*** Block opens ***

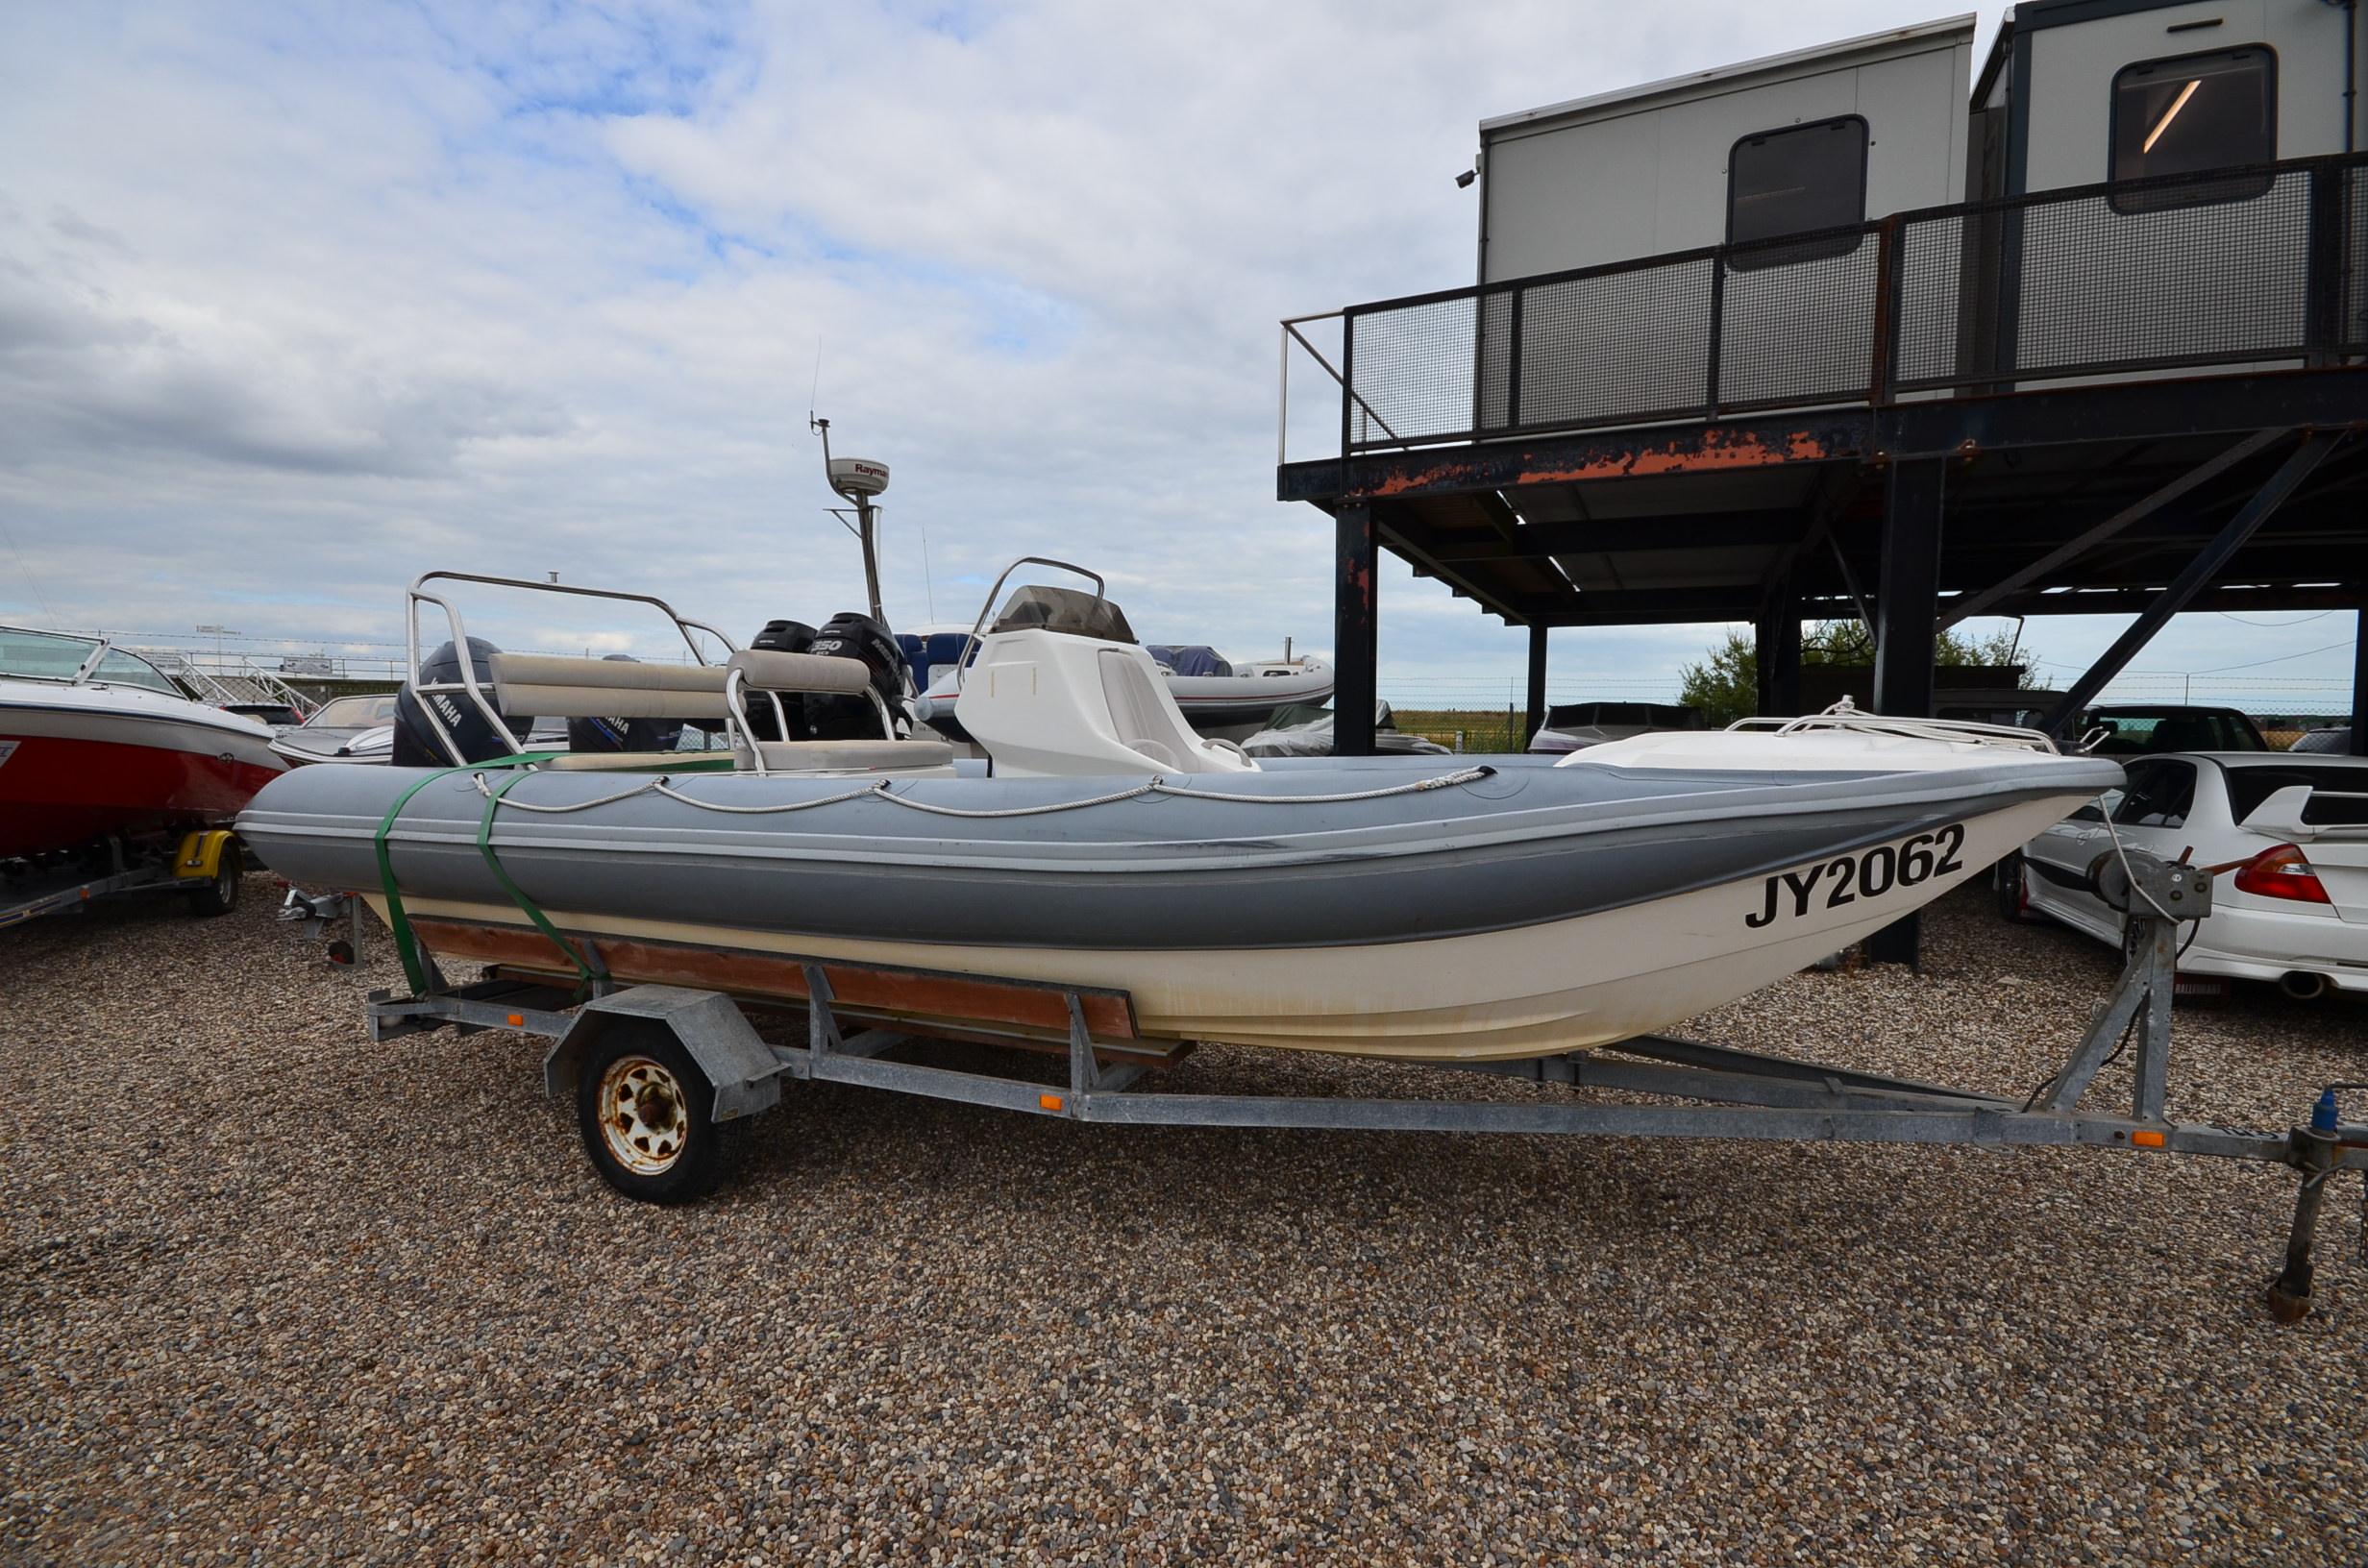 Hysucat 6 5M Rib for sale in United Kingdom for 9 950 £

*** Block closes ***
*** Block opens ***

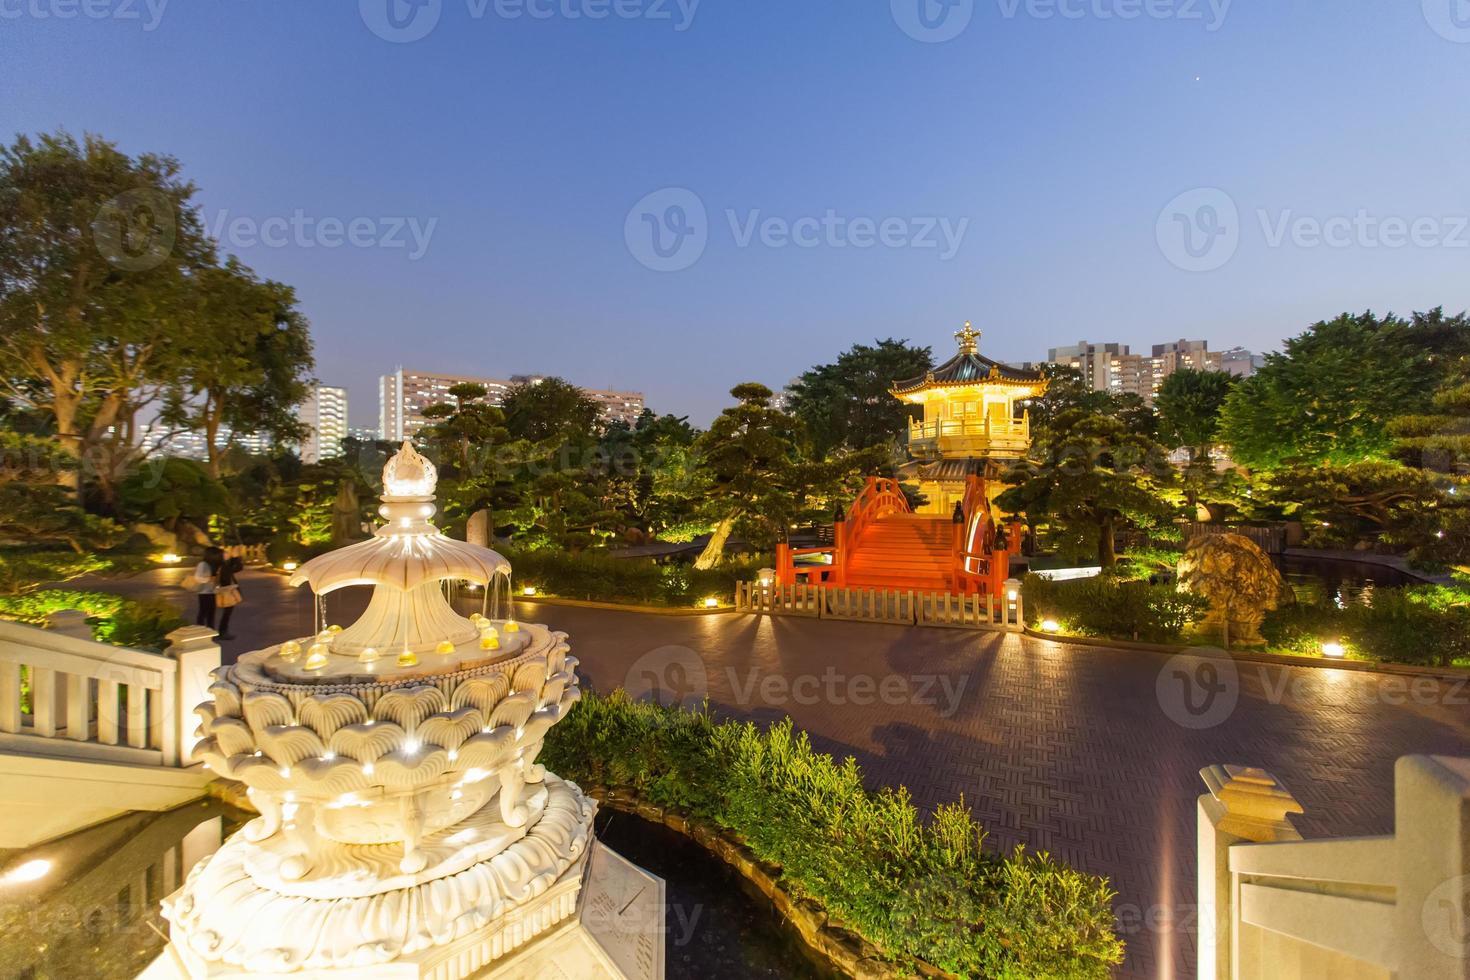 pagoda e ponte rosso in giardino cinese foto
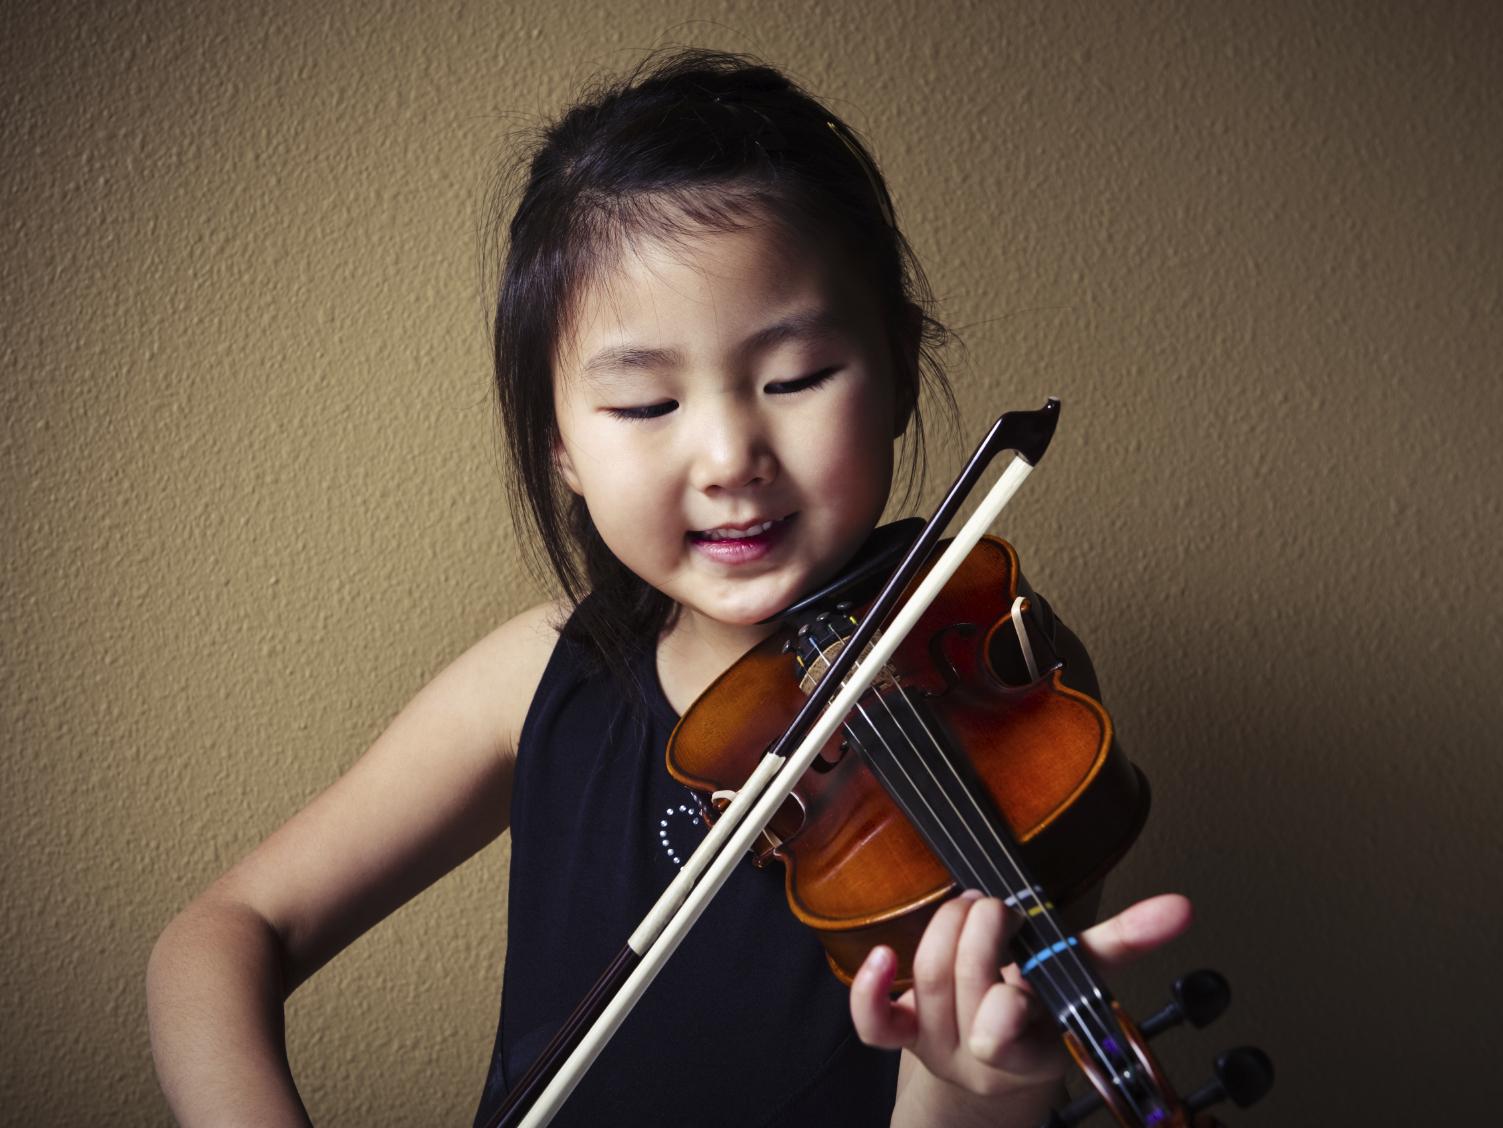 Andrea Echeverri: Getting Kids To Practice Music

*** Block closes ***

TASK TO COMPLETE ▸
Given the entries above, transcribe exactly the lines from the one holding "pagoda e ponte rosso in giardino cinese foto" through the one holding "Andrea Echeverri: Getting"; pictures do not belong in the transcription.

REPLY TO THE EXERCISE ▸
 pagoda e ponte rosso in giardino cinese foto
 Andrea Echeverri: Getting Kids To Practice Music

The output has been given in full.